Please submit this certification as promptly as possible.
Very truly yours,
WM. H. Marshall
Asst. District Director
New York District
Letter from Opa to Annelise Thieman of AFSC
Miss Annelise Thieman
American Friends Service Committee
20 S. 12th St.
Dear Miss Thieman:
Today I received a letter from the Dept. of Justice, in which they granted me an extension to February 1, 1941, and said that a change of my status to that of a 4(E) student will be considered as soon as they have a statement of the college that I am fully enrolled. I arranged for this statement immediately. I am rather pleased with this development, for I know that nothing can be done at this time about my immigration matters.
I may not have expressed myself clearly in my last letter to you. I did not refuse to register for military service, I simply answered the question whether I am conscientiously opposed to war with "yes," and I would assume that you as a Quaker can understand that I could not do differently and still be honest to myself..

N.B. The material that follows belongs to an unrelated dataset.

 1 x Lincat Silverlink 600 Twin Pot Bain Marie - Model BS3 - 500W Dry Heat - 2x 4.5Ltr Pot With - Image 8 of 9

About my mother's matters: I am still trying to raise money for the Cuba affair, but because of the uncertainty involved, nobody wants to help. I wrote my mother that I am still working on "certain plans," but I myself have just about given up hope to get her out before this war is over.
Well, Opa gets his rebuttal. Let's start with that and go back to the main part after. I love the way he sort of starts with the classic debate technique of "Perhaps I wasn't clear enough, or else you'd understand." He rewords her original argument that he refused service when no one asked him to serve. He says that instead, what he did was answer a question honestly: are you opposed to war?- Yes. Then he tells Annelise he assumes that she as a Quaker would understand his need to answer honestly in opposition to war. (Quakers are historically theological pacifists.) Now- Opa didn't see the memos in response to his last question asking their opinion when it became clear that they were not all Quakers. However, I do think if he did see the memos he would have been even more irked as they didn't end up giving him any advice other than to do what he felt was right- and then Annelise chastised him for what he chose to do. I'm curious if Annelise will respond to this argument of Opa's.

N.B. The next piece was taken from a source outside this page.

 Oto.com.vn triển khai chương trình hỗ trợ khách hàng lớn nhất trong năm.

Ok so to the main point of the letters: Opa's temporary visa has been extended to February 1, 1942 (Opa misquoted in his letter 1941)! This is great news- also the fact that Opa might be considered for a student visa, which would extend his approved times further and provide the ability to work in a steady job (I believe). So this is an exciting possibility for Opa to have more stability and less paperwork.
Opa's final remarks are sad, and go to confirm the feeling I have had over the last several letters and news about Ella's situation..."I myself have just about given up hope to get her out before this war is over."